**WHAT TO DO:** Take the line that contains "Lyon's Juninho and" and each one after it through the last line below, and retype them exactly. Leave out the pictures.

[DATA EXCERPT — start]

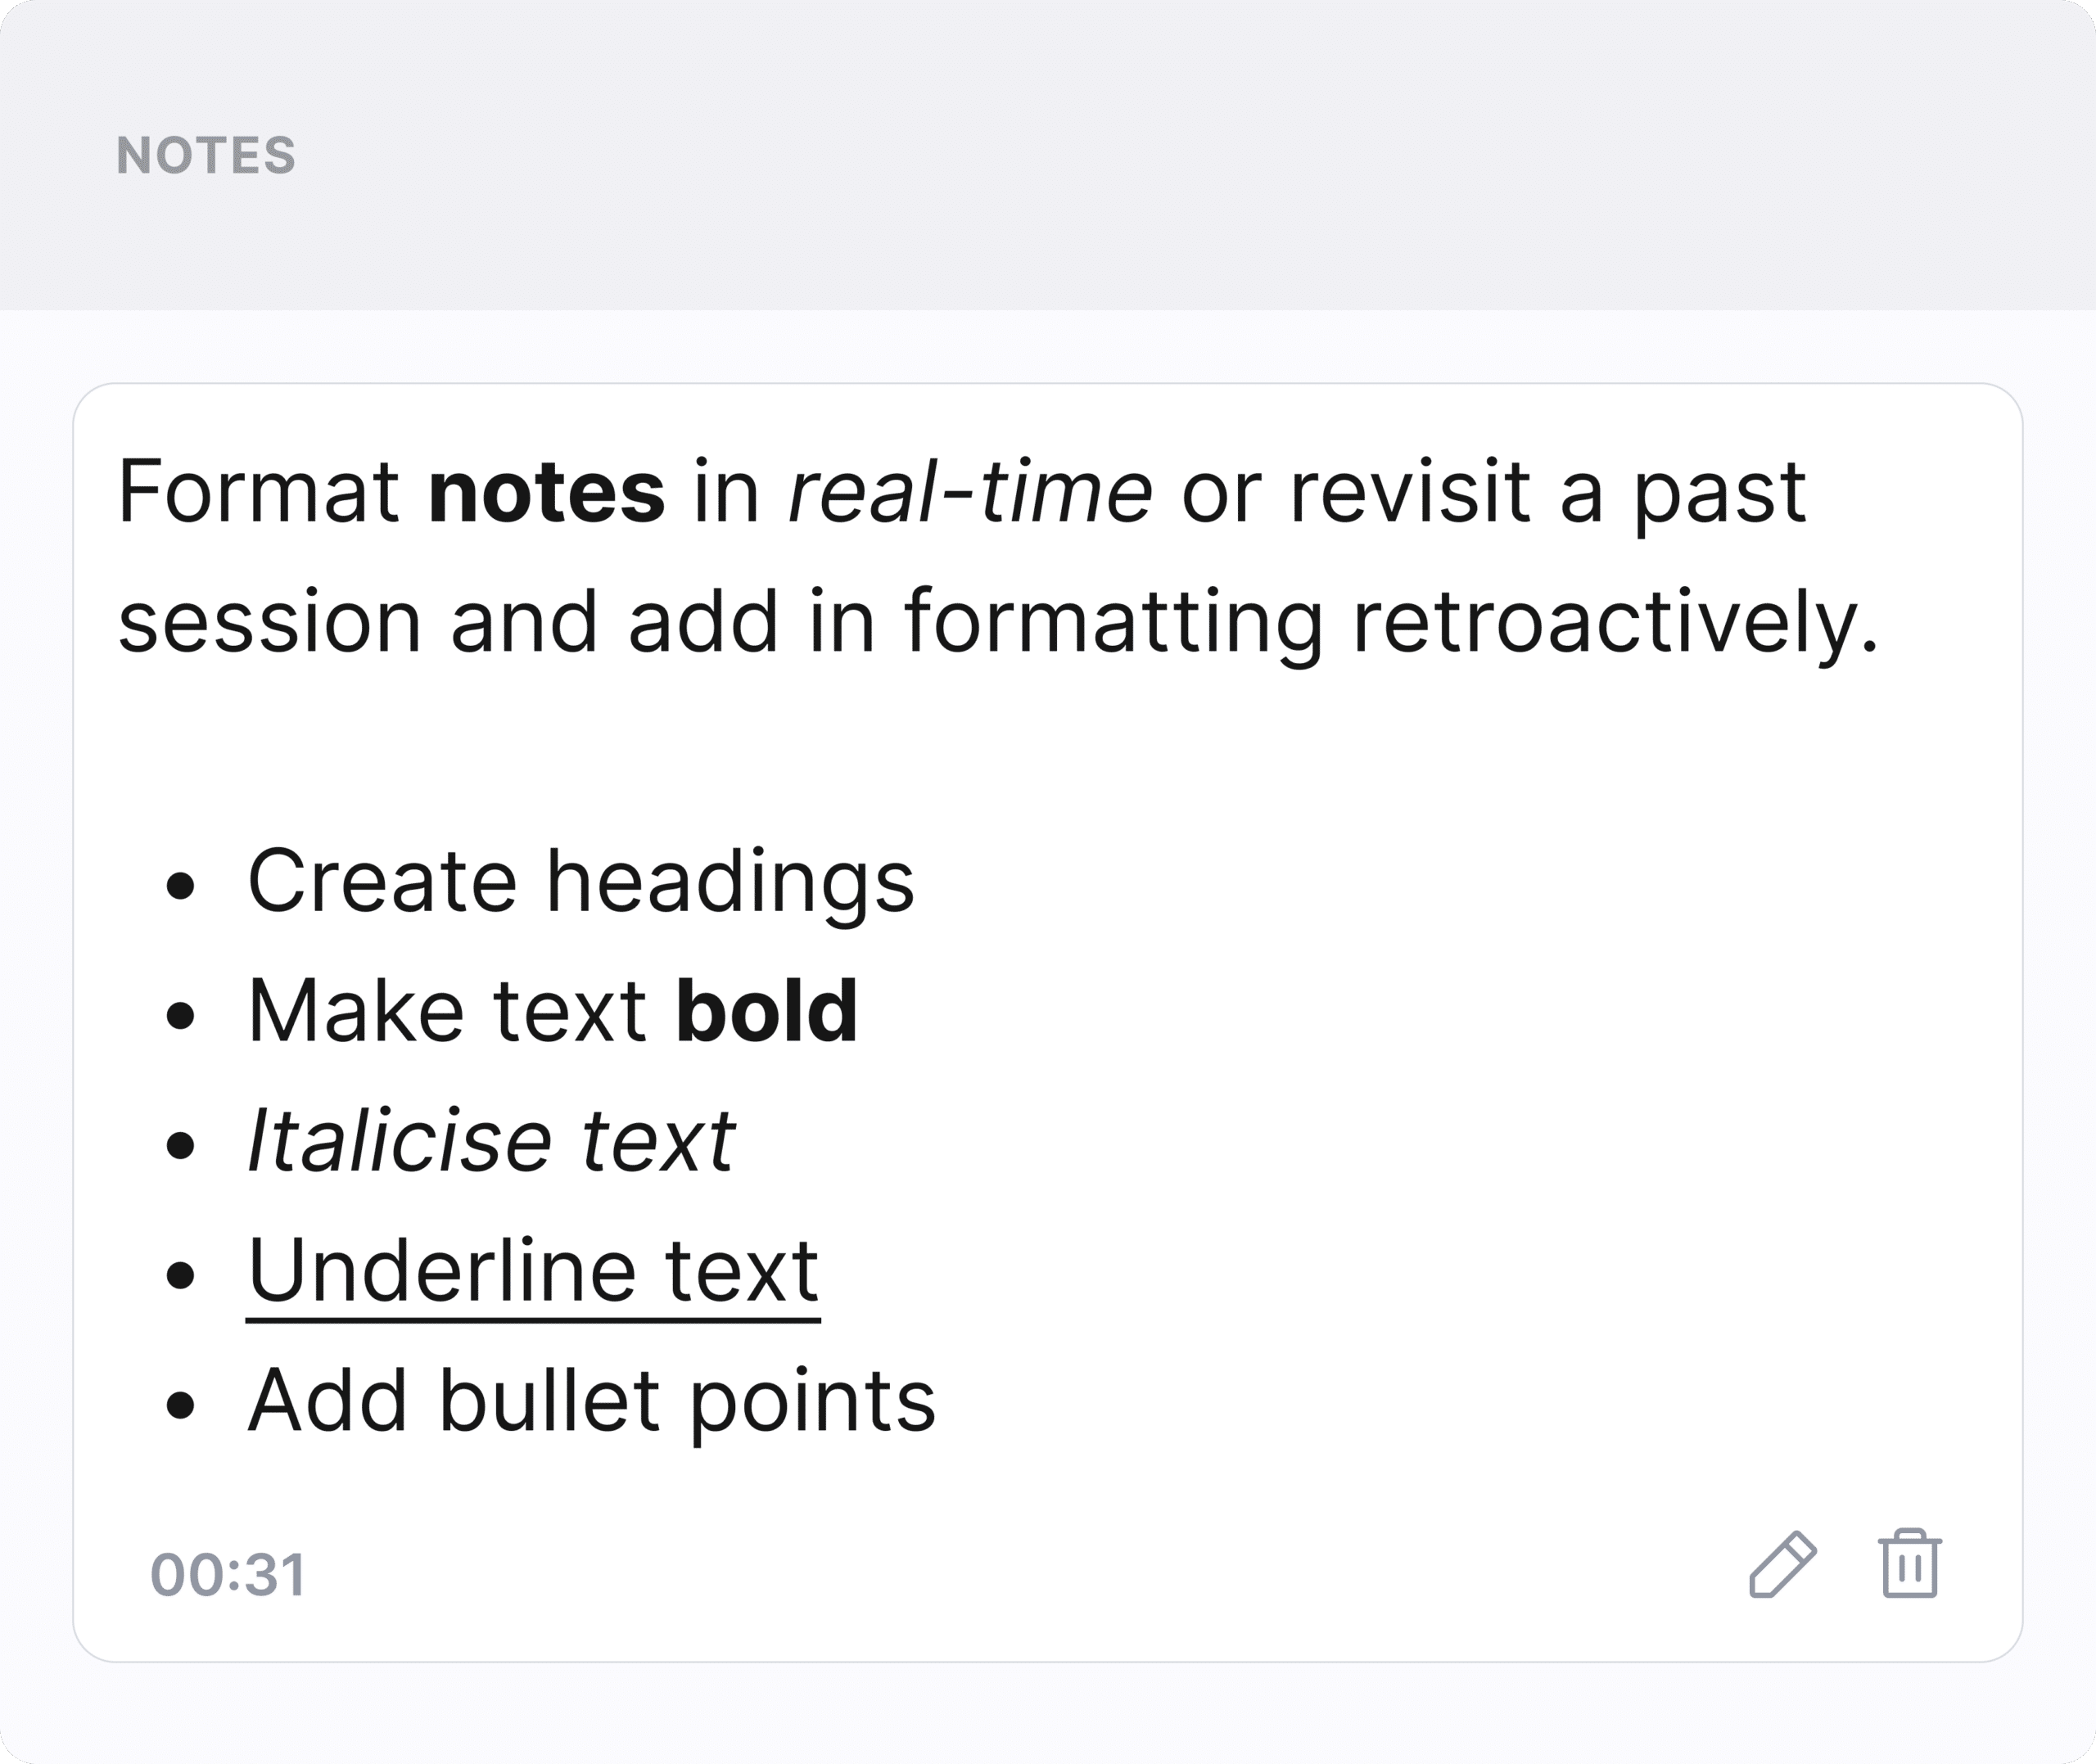 The Notes Editor, with the text: Format notes in real-time or revisit a past session and add in formatting retroactively. Create headings, make text bold, italicise text, underline text, add bullet points.
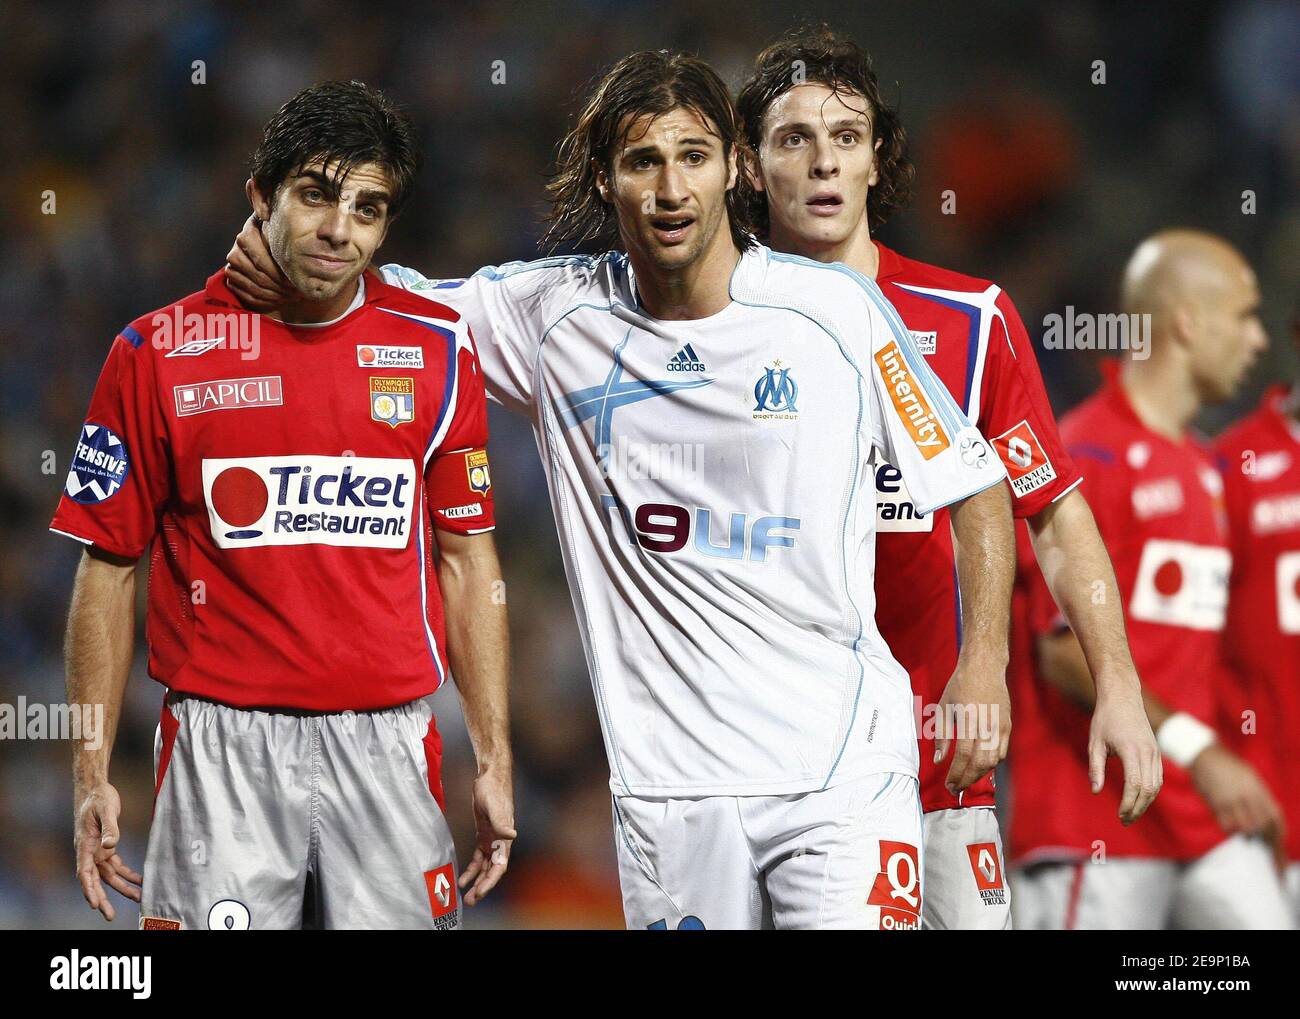 Lyon's Juninho and Marseille's Lorik Cana during the French first league football match, Olympique de Marseille vs Olympique Lyonnais, at the Velodrome stadium, in Marseille, France, on October 22, 2006. Lyon won 4-1. Photo by Christian Liewig/ABACAPRESS.COM Stock Photo
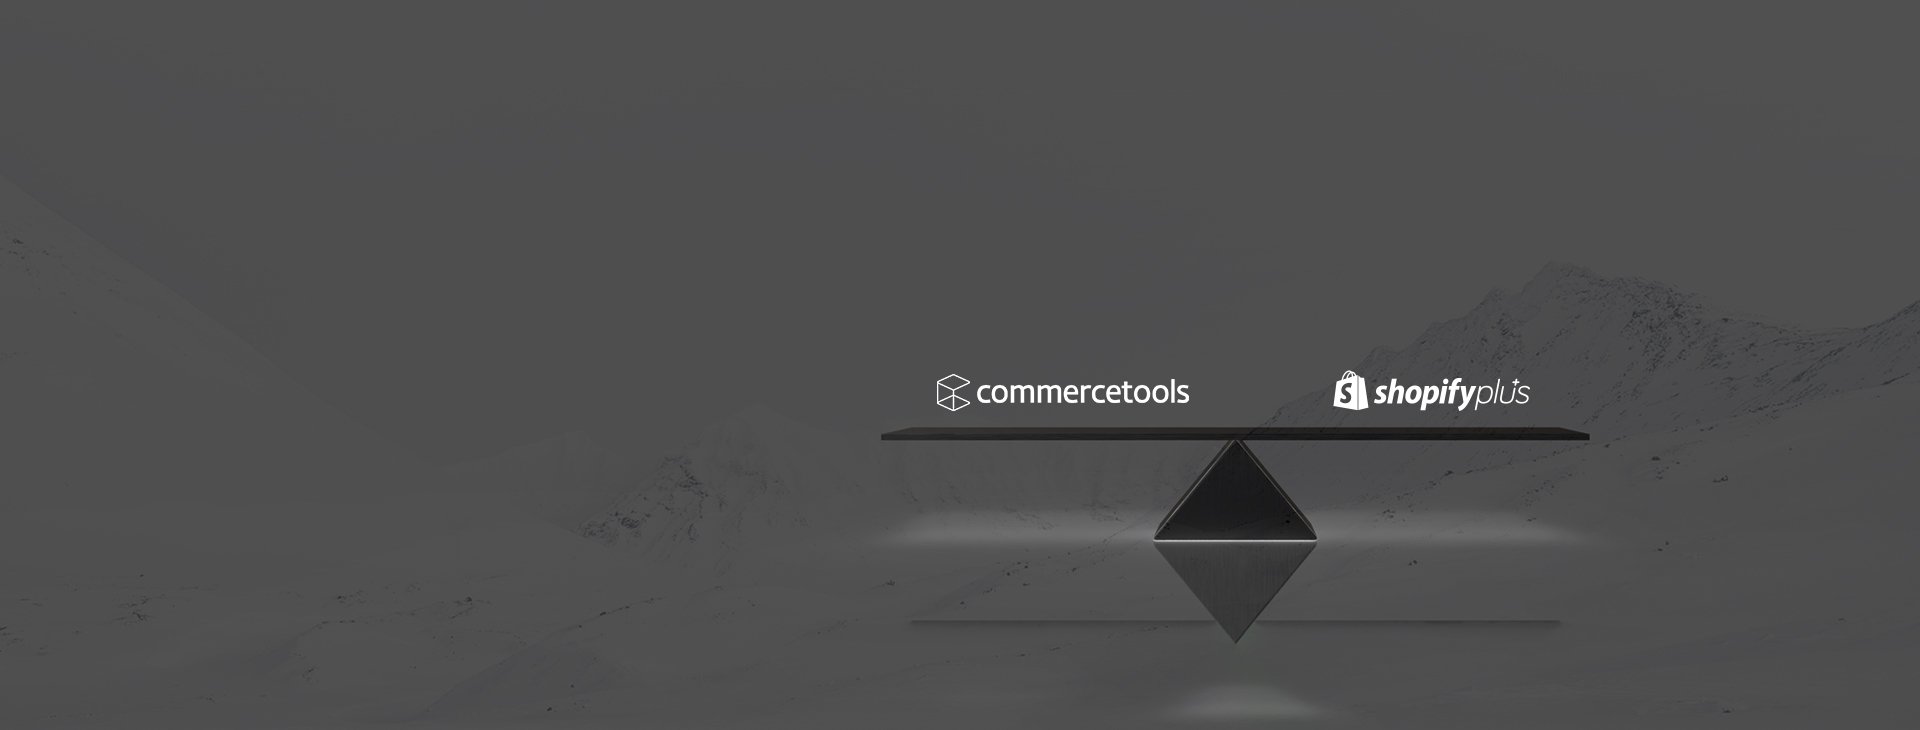 Abstract image showing commercetools and Shopify Plus logos

[DATA EXCERPT — finish]

**PROBLEM SOLUTION:**
 Lyon's Juninho and Marseille's Lorik Cana during the French first league football match, Olympique de Marseille vs Olympique Lyonnais, at the Velodrome stadium, in Marseille, France, on October 22, 2006. Lyon won 4-1. Photo by Christian Liewig/ABACAPRESS.COM Stock Photo
 Abstract image showing commercetools and Shopify Plus logos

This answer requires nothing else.